The Battle of Monmouth
Today a choice had to be made. It was a toss up between the Mermaid Parade at Coney Island or the Battle of Monmouth reenactment in New Jersey. I opted for war! I had been to the Mermaid Festival a couple times already. I had a feeling some good friends were going to the battlefield, so I headed to New Jersey. It was good to get out of the city. At Monmouth Battlefield State Park, Colonial and British encampments were set up at opposite ends. Before the battle I strolled through the British camp.
(Click on any photo to enlarge)
Many of the British soldiers were smoking from clay pipes.

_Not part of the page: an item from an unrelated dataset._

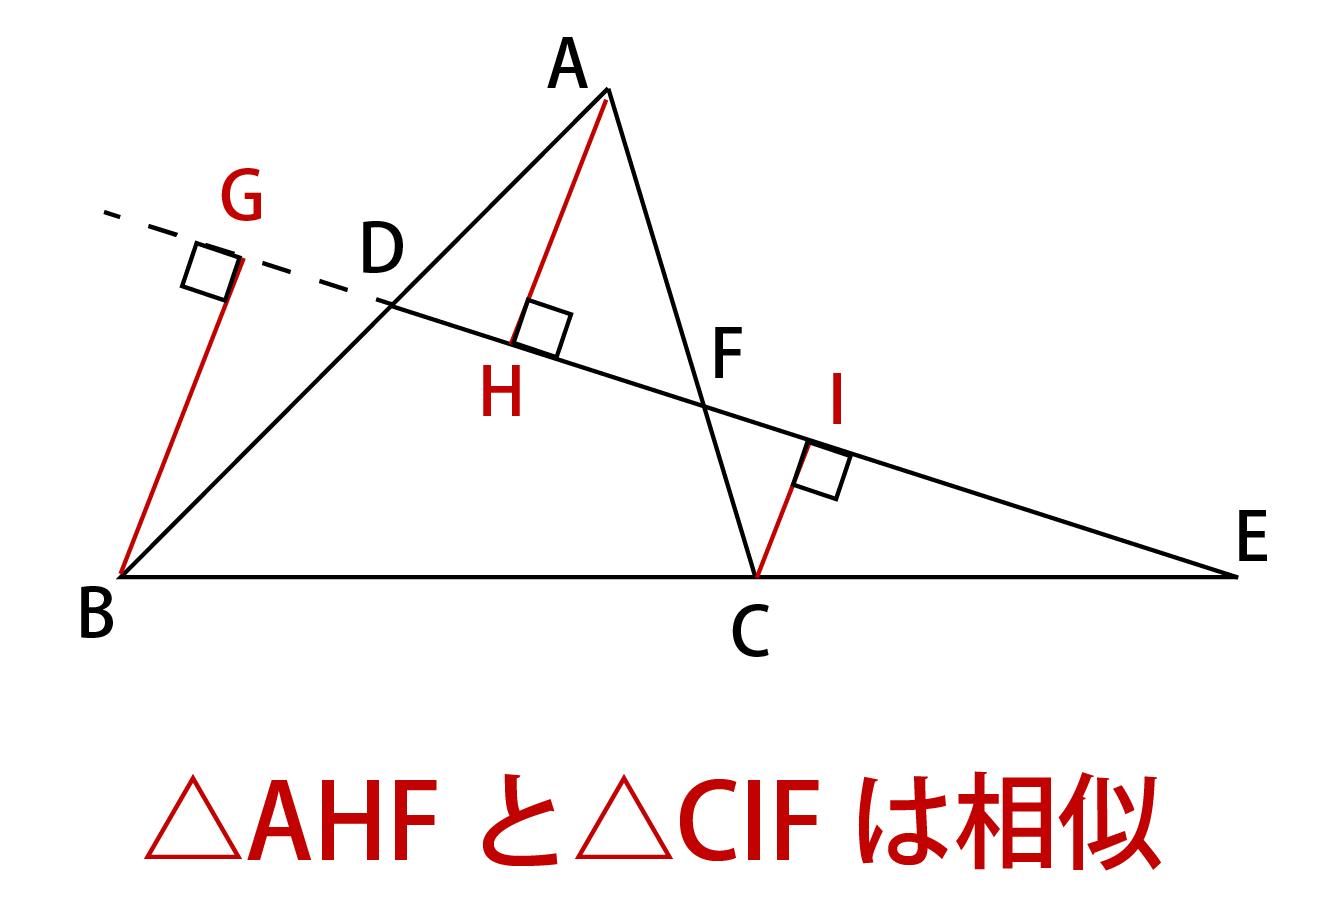 △AHFと△CIFは相似

Before the battle there was an artillery demonstration.
Then the respective sides gathered for battle.
The fight was on. The battle at Monmouth was the largest single day battle of the Revolutionary War. The battle took place on June 28, 1778.
George Washington’s army numbered about 14,500 including about 1000 militia. The British army numbered about 21,000 including 4100 Hessians (German mercenaries) and 210 Loyalists (Americans loyal to the British). Only about half of the British forces were at this battle.

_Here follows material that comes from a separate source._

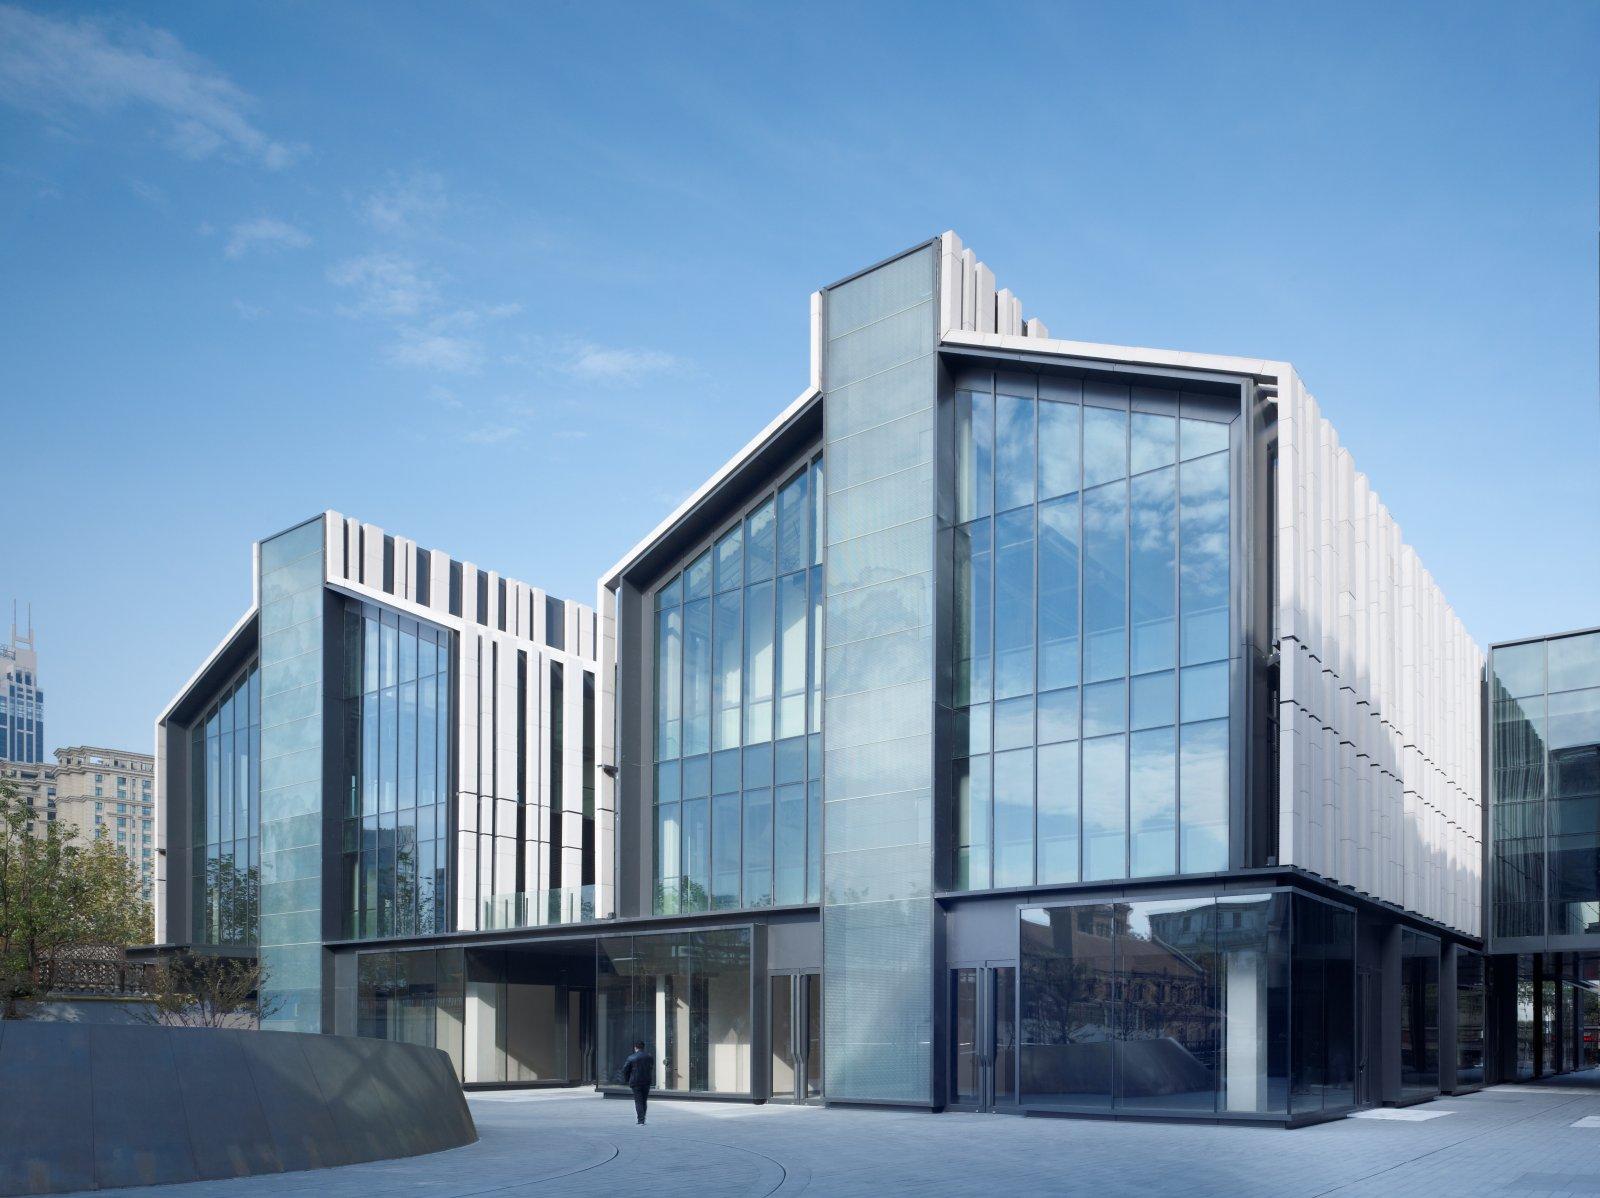 Soho fuxing lu shanghai by gmp architekten 08 a as - Gmp architektur ...

After the battle the re-enactors returned to their respective camps. There were craftsmen and people selling wares of the time period set up in tents along the path to the Colonial encampment. This guy thanked me for being one of only two people who bothered to ask if I could photograph him the entire day. He said most people just snap away without saying a thing.
People were tired from the heat. Durung the actual battle in 1778 some soldiers died from the heat and lack of water. George Washington reported 69 men died, 161 wounded and 132 missing. Total loss 362. British. Numbers were uncertain but were approximately 67 killed in action, 59 died of fatigue, 170 wounded and 65 missing. Total 361.
Those that weren’t resting were preparing dinner or cleaning their weapons.
I tried to get this guy to climb on the bike, but he insisted on staying in character. All the people involved take their roles seriously, which is great! As you watch the families and soldiers going about their business at the camp it really feels authentic.